LAVATOI PUBBLICI DI ALTOGGIO E PRATA
Situato nel centro abitativo di Altoggio il monumentale lavatoio è formato da una fontana, un abbeveratotio e un lavatoio con acqua a caduta da una vasca all'altra. Costruito attorno al 1880, è uno dei più grandi di Montecrestese. Quelli di Prata e di altre frazioni sono invece con le pareti e le lastre oblique (per il lavaggio dei panni) interamente in pietra.

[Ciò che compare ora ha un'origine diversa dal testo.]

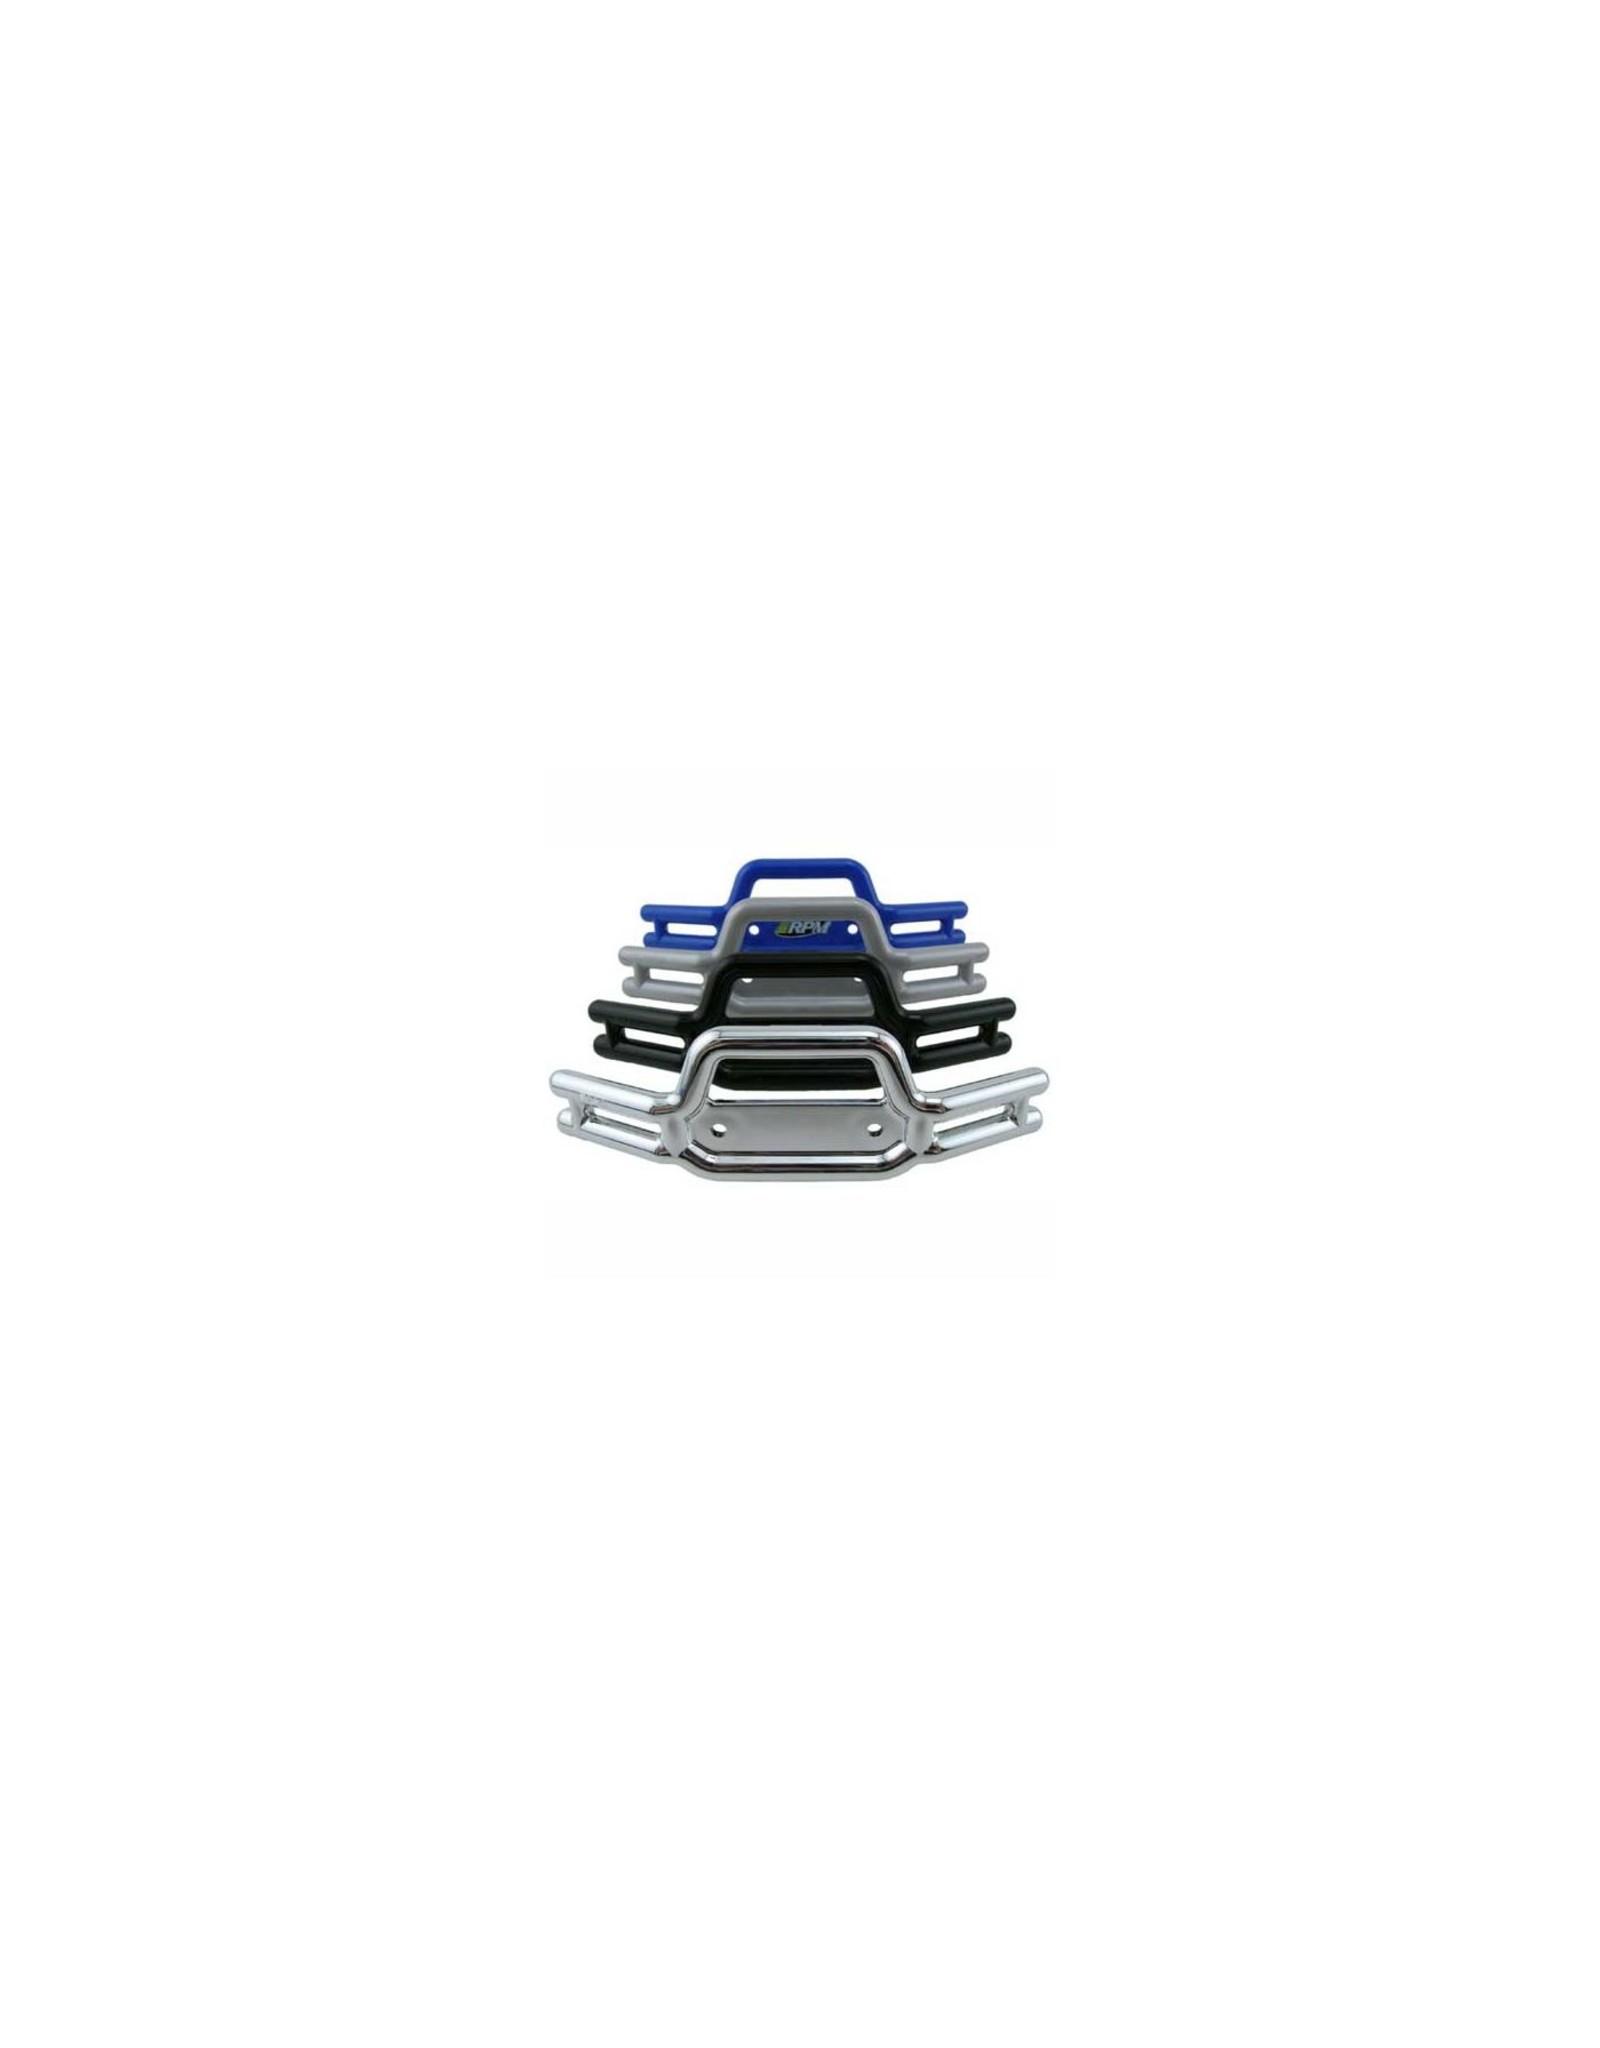 RPM Front Tubular Bumper Black Revo (80452)
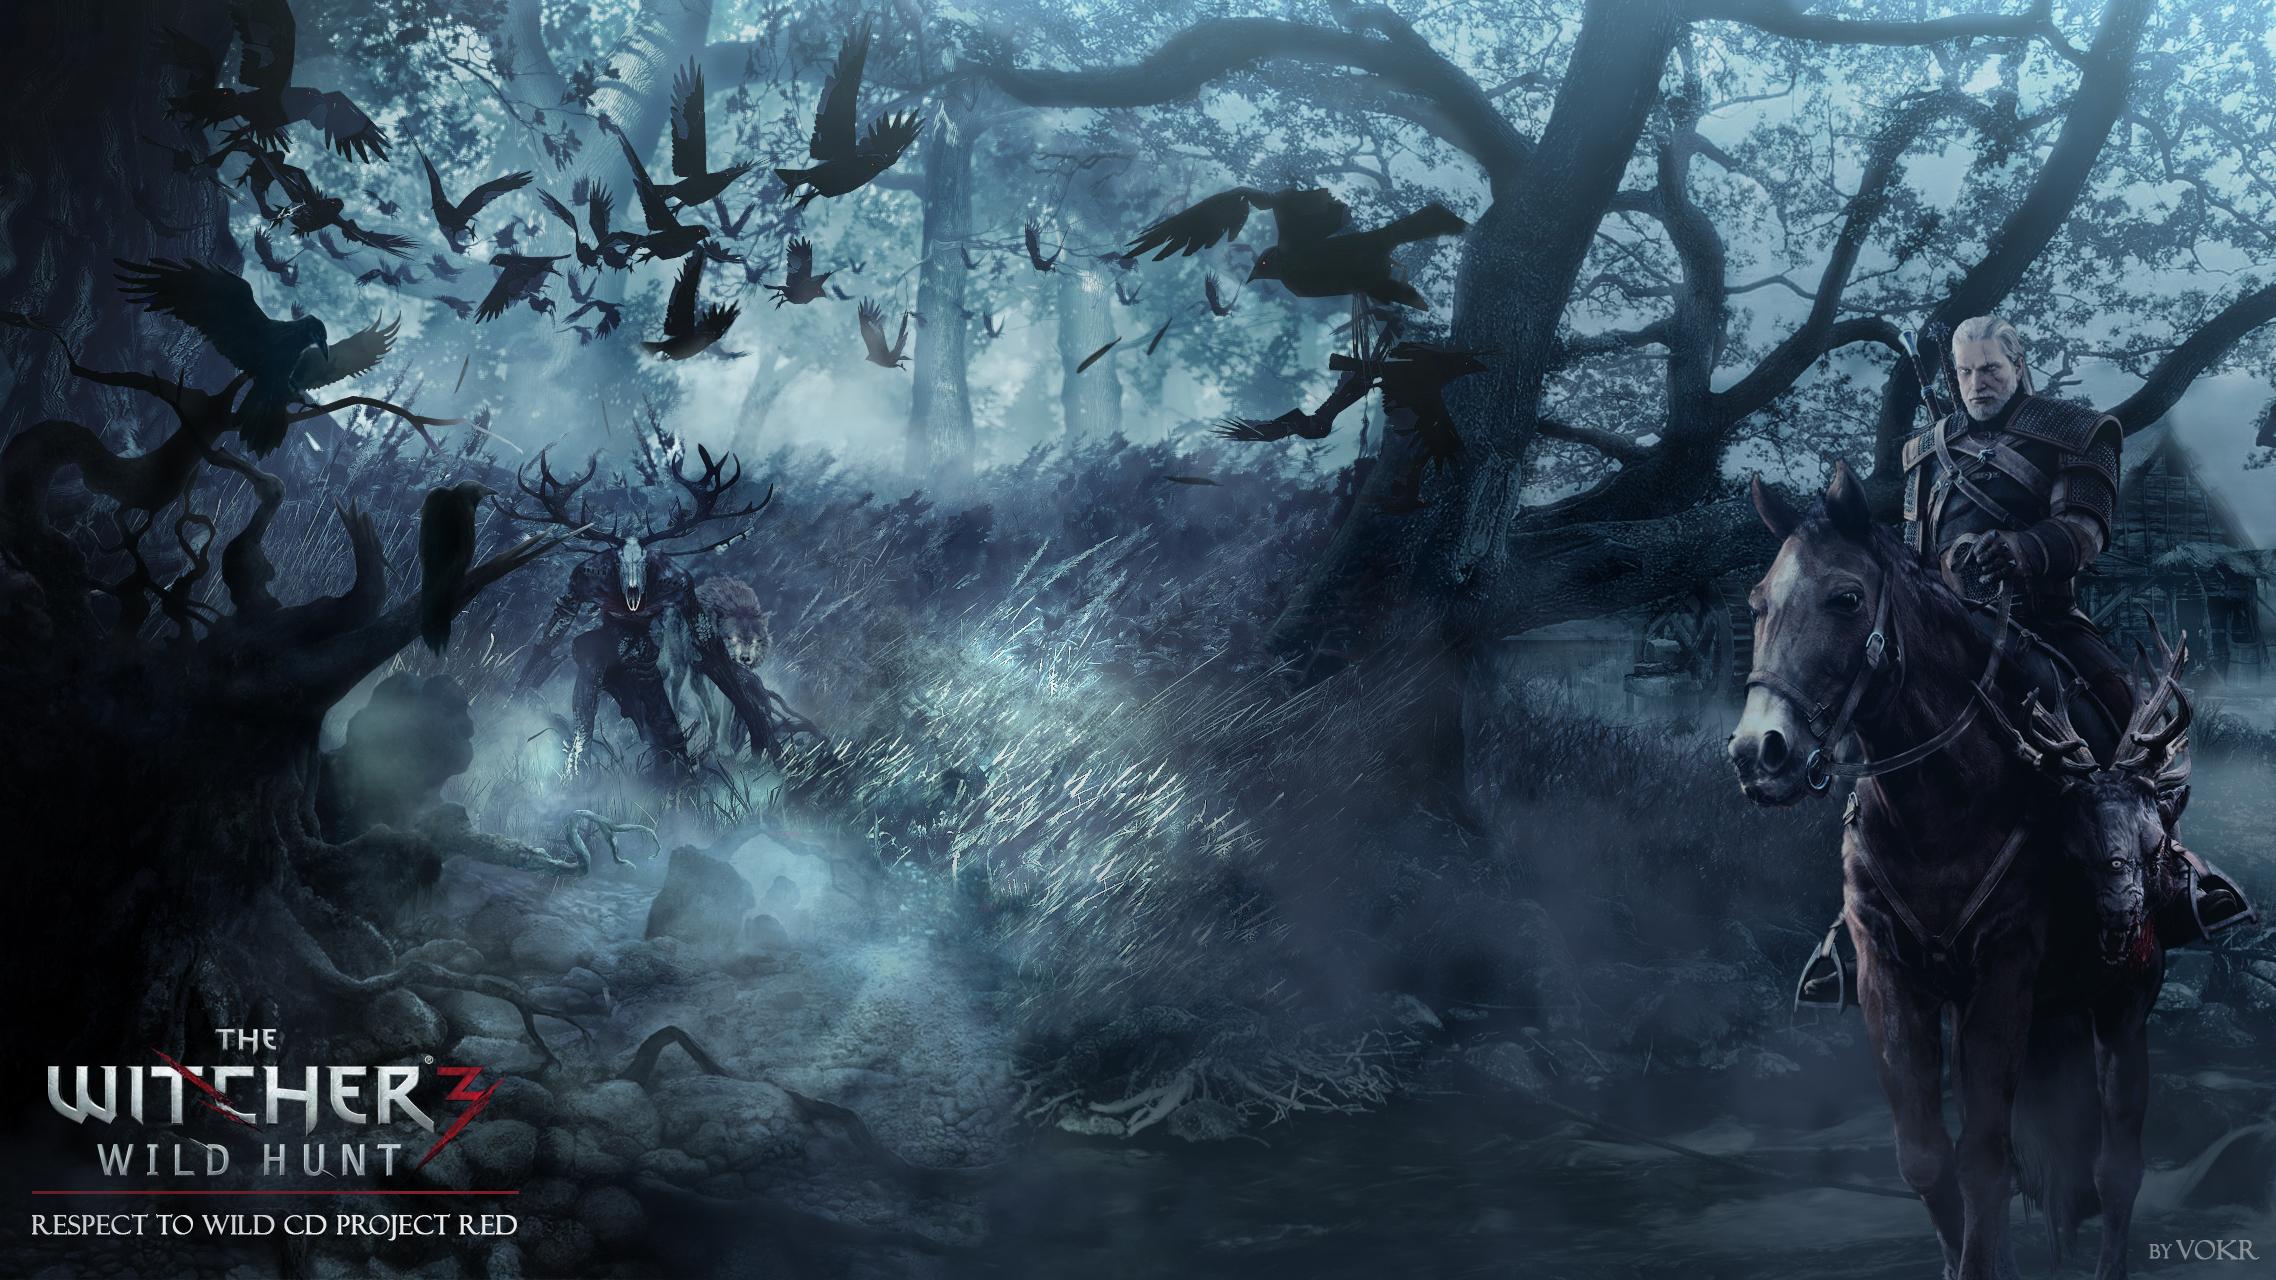 100+ EPIC Best Witcher 3 4k Wallpaper Reddit - best wallpaper

I lavatoi tempo addietro venivano anche chiamati "osterie delle donne" perchè erano luogo di incontro e conversazione.

 
PONTE DEL DIAVOLO
Non si conosce la data di costruzione originaria, venne però ristrutturato nel 1854. Il ponte attraversa la valle Isorno collegando l'abitato di Altoggio con gli alpeggi Aulogna, Salè, Carvirone ecc...

 
CHIESA DI SANTA MARIA ASSUNTA
La chiesa romanica di Santa Maria Assunta venne eretta agli inizi del XII secolo, molto probabilmente sui resti di una chiesa preesistente. Nel secolo XV venne ampliata con l'aggiunta di due navate laterali che però non presentavano la precedente decorazione romanica, infatti sono prive di archetti ciechi. Nella facciata della chiesa tutti i peducci degli archetti ciechi sono protomi umane; quelle sparse sui muri della chiesa nuova ed altre andate disperse ci assicurano che con ogni probabilità l'intera decorazione era costituita, con poche eccezioni, di esse.
 

 

FORNO DEL PANE
Quello di Giosio  è ancora funzionante. E' di proprietà di tutti gli abitanti e si può visitare liberamente. L'altro si trova nel nucleo antico della frazione Pontetto. Può essere visitato solo su appuntamento perchè lo stabile in cui si trova è di proprietà privata.
Per informazioni o visite al forno di Pontetto chiamare il prof. Miguidi al numero 339.8659640.
(per foto forno e festa S. Giusesppe andare al menù foto: gg. 20-21 marzo 2010)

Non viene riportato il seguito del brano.